*Exercise materials*
-*-*-
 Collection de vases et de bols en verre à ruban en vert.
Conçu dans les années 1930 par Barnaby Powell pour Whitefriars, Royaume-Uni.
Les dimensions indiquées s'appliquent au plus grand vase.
-*-*-
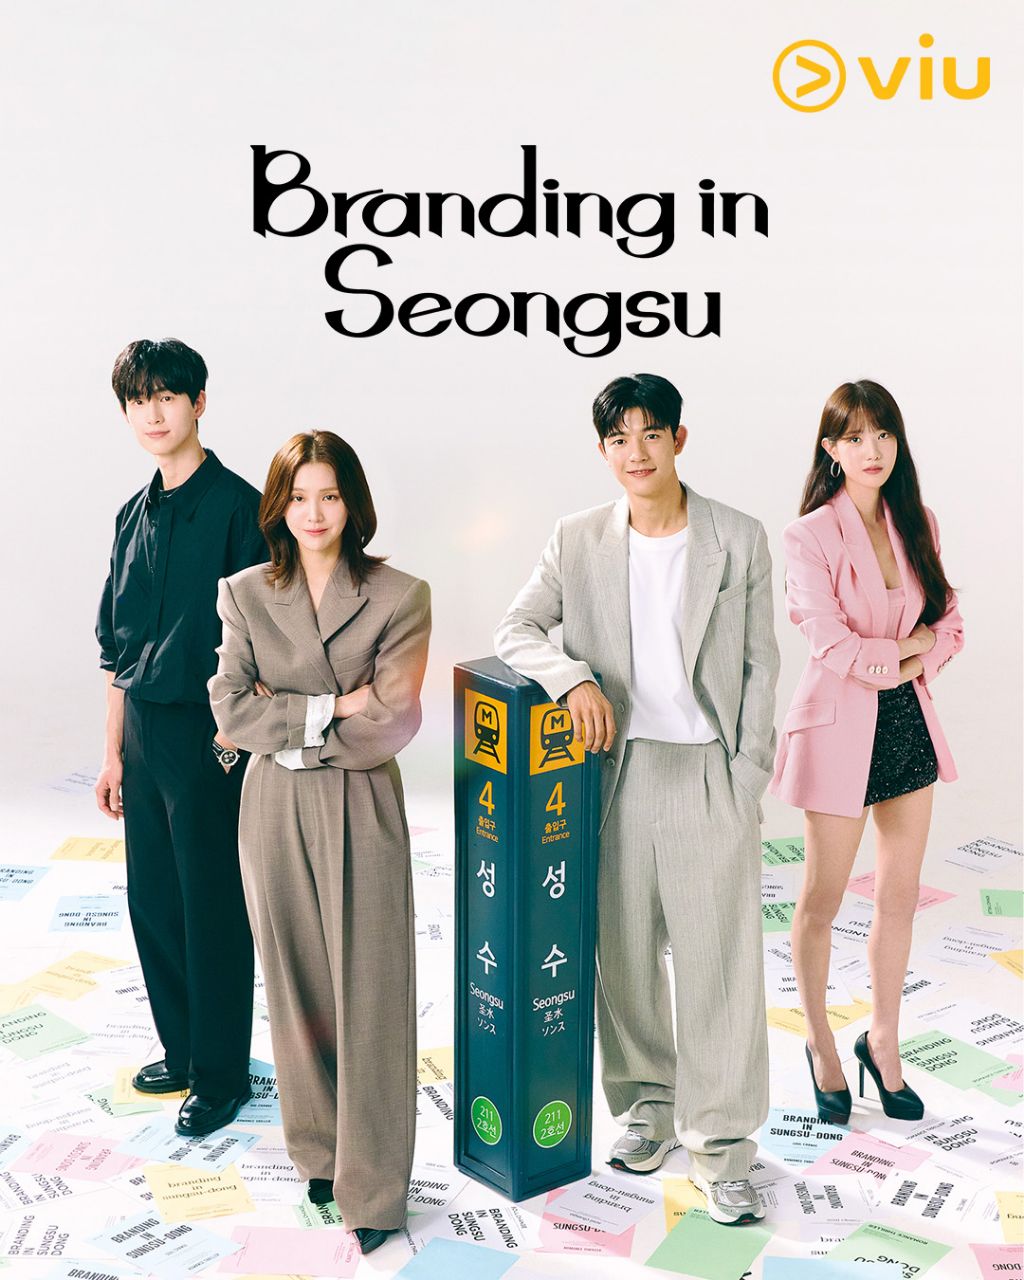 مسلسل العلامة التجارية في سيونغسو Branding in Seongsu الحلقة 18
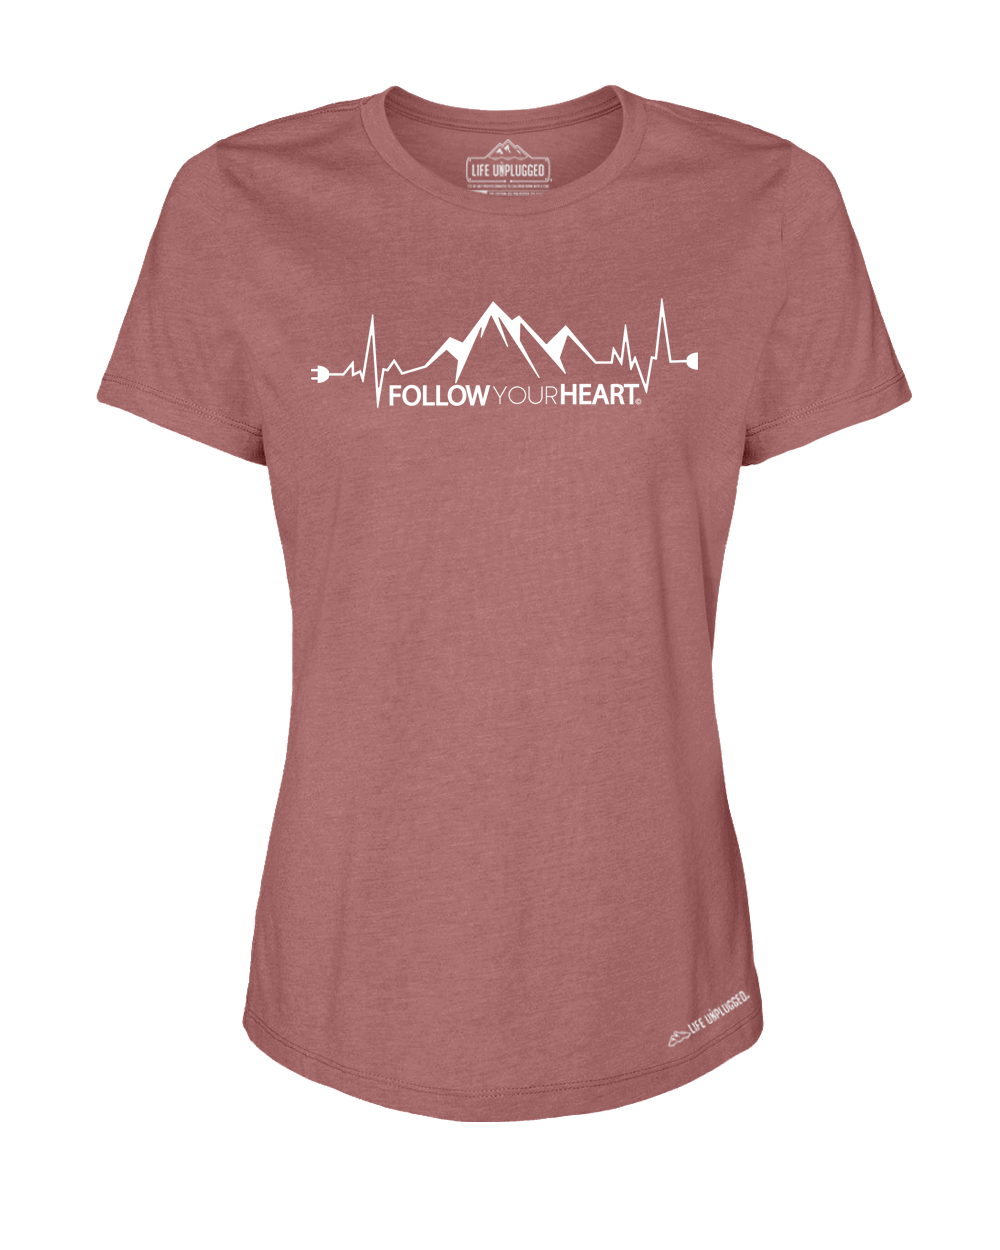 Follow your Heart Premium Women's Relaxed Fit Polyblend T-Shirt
-*-*-
*Task directions*
Look above for the line with "Collection de vases" and the line with "Les dimensions indiquées"; transcribe both and all lines in between, exactly, and nothing else.

*Answer to this task*
 Collection de vases et de bols en verre à ruban en vert.
Conçu dans les années 1930 par Barnaby Powell pour Whitefriars, Royaume-Uni.
Les dimensions indiquées s'appliquent au plus grand vase.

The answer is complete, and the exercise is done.